Comment 3 Dirk Eddelbuettel 2016-05-24 17:50:48 UTC
Easy:  _Any_ job you may want to run from, say, cron that involves S4.  

Works interactively in R (as methods is loaded), bombs immediately via Rscript.  I never understood how that is supposed to make sense, and I don't even program with S4.
Comment 4 Michael Lawrence 2016-05-24 18:19:20 UTC
Yes, that is pretty obvious, but a lot of times scripts use S4 through packages that they are already attaching. Only things like as() might cause a problem. Personally, I think consistency should win here, but others have a different opinion.
Comment 5 Jim Hester 2016-05-24 18:49:30 UTC
I have run into this a number of times personally, two recent ones were a user seeing different coverage results locally than on Travis (https://github.com/jimhester/covr/issues/180) and coverage of the testthat package being lower than expected (https://github.com/hadley/testthat/pull/475).

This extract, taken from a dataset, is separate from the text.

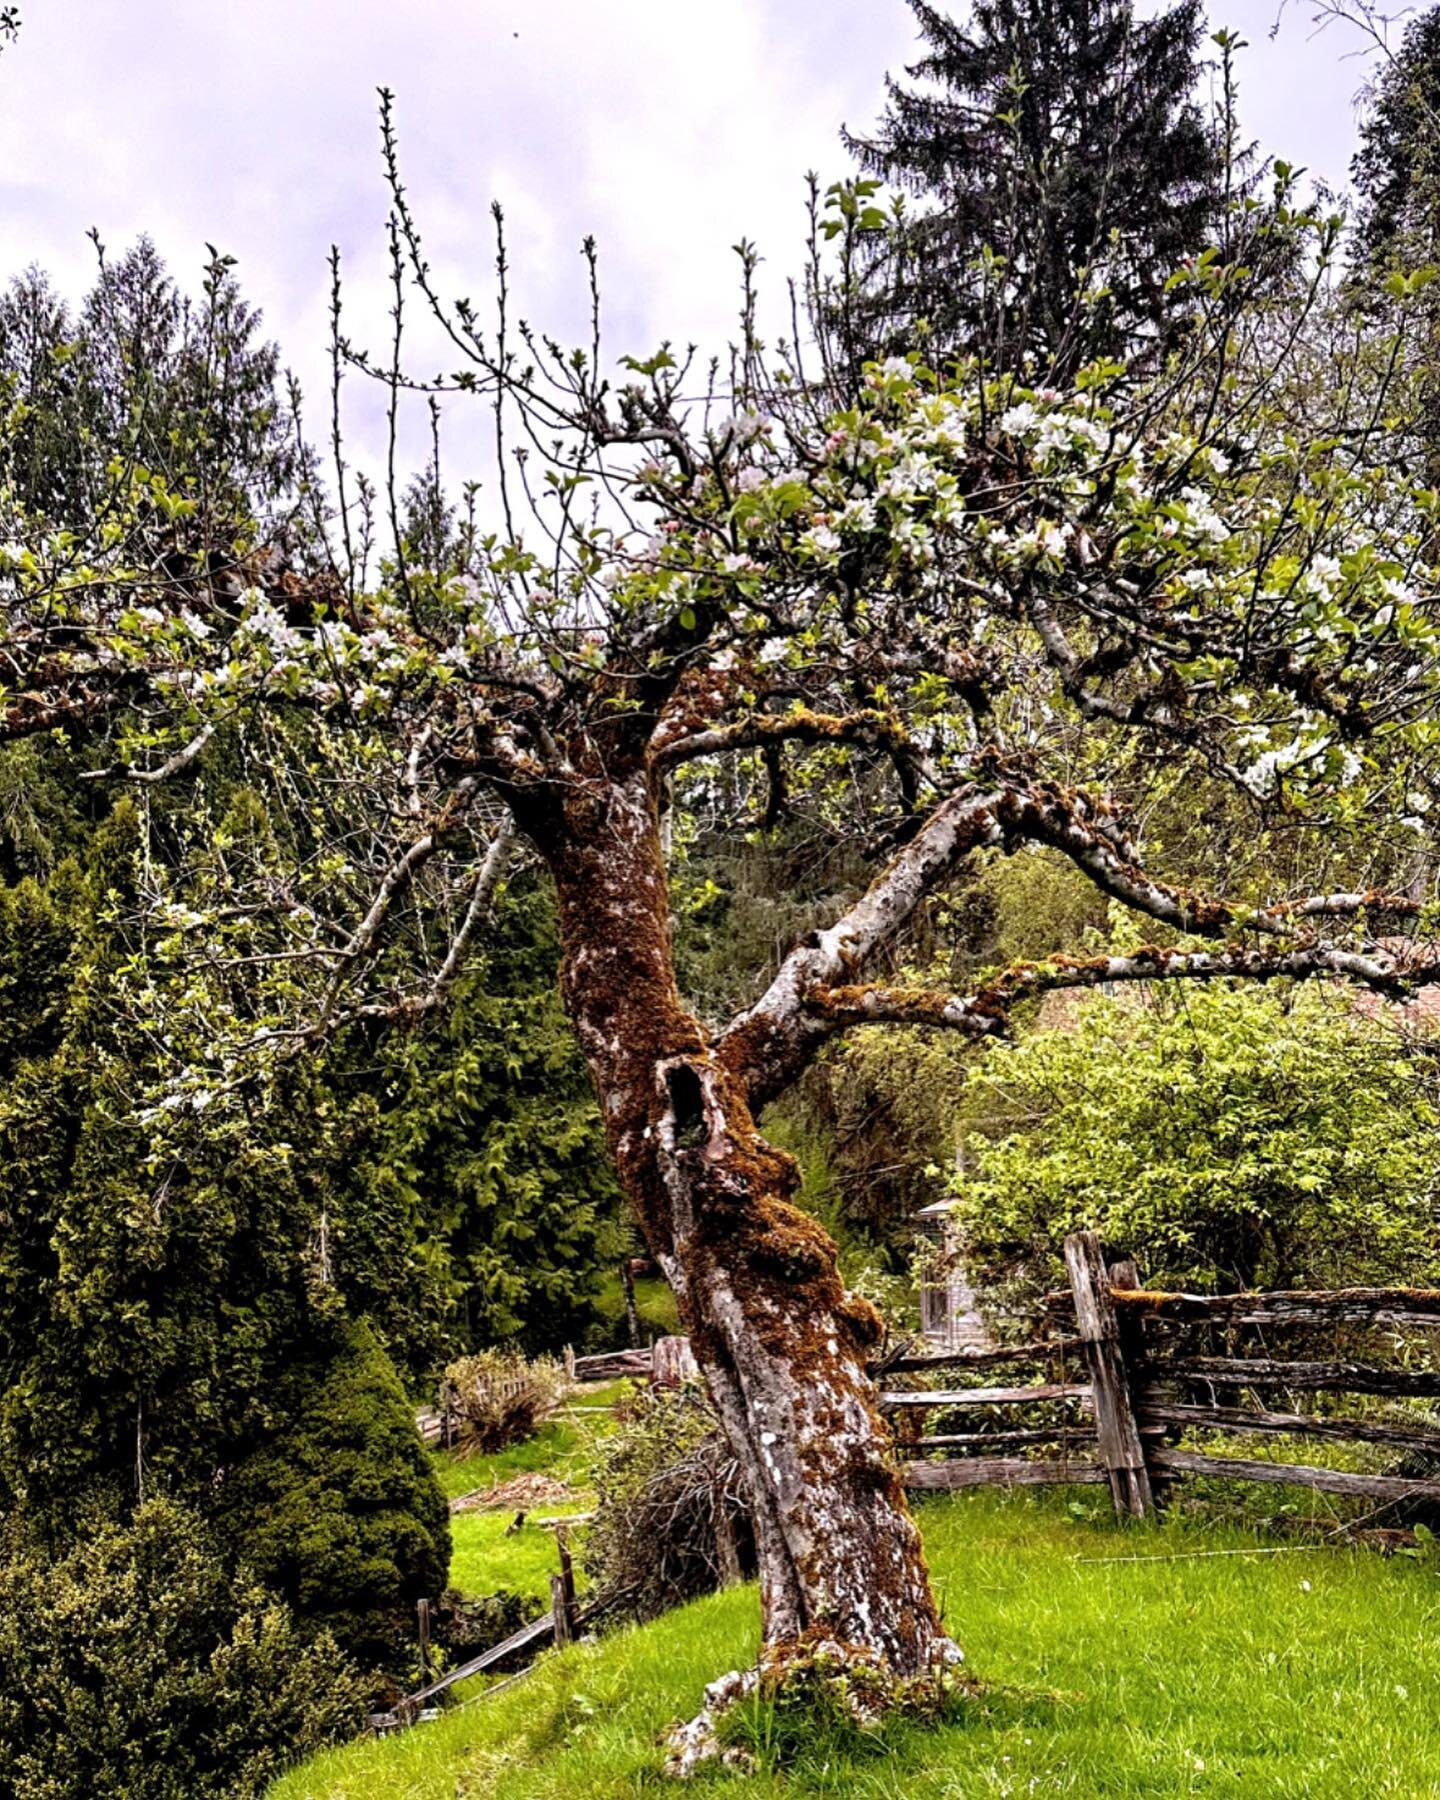 The ancient orchard is in full bloom🌸

#oregonfarms #oregonfarmstay #heritageapples #appleblossoms

Some more examples of people running into similar issues using a simple github search (https://github.com/search?utf8=%E2%9C%93&q=Rscript+methods+is%3Aissue)
 - https://github.com/tudo-r/BatchJobs/issues/27
 - https://github.com/mllg/batchtools/issues/15
 - https://github.com/hadley/readr/issues/347
 - https://github.com/andrie/version.compare/issues/2
 - https://github.com/hadley/dplyr/issues/1760
 - https://github.com/csgillespie/efficientR/issues/21
 - https://github.com/Bioconductor/BiocParallel/issues/44
 - https://github.com/COMBINE-lab/wasabi/issues/1
 - https://github.com/dhimmel/elevcan/issues/1

I am not familiar enough with S4 dispatch to know the exact cases when this poses a problem, but anecdotally it seems to cause problems anytime you call a package using S4 from Rscript as Dirk mentioned.

My feeling is more time has been wasted by users trying to debug the inconsistency than has been gained by the <60ms difference in startup time (from my benchmarks). This may have been a more reasonable trade-off when package loading was slower, but the slowdown with modern R seems slight to me.
Comment 6 Dirk Eddelbuettel 2016-05-24 19:23:37 UTC
I also explained maybe half a dozen times on StackOverflow.

The un-intuitive nature of this is, as Jim argued, indeed less than helpful.  I would welcome a reversal which makes Rscript closer to standard R.
Comment 7 Michael Lawrence 2016-05-24 19:29:48 UTC
Thanks for these examples. While some of them have helpfully exposed bugs in the methods package or other packages, many of them do argue for consistency.
Comment 8 Benjamin Tyner 2016-05-25 16:55:22 UTC
I agree that interactive and non-interactive modes ought to use the same defaultPackages.

I suppose removing methods from the list of default packages in interactive mode would be too disruptive, so that implies the lesser evil is to add it for non-interactive mode.

On the other hand, the fact that some bugs would have gone undetected, had this already been the default, is something to consider.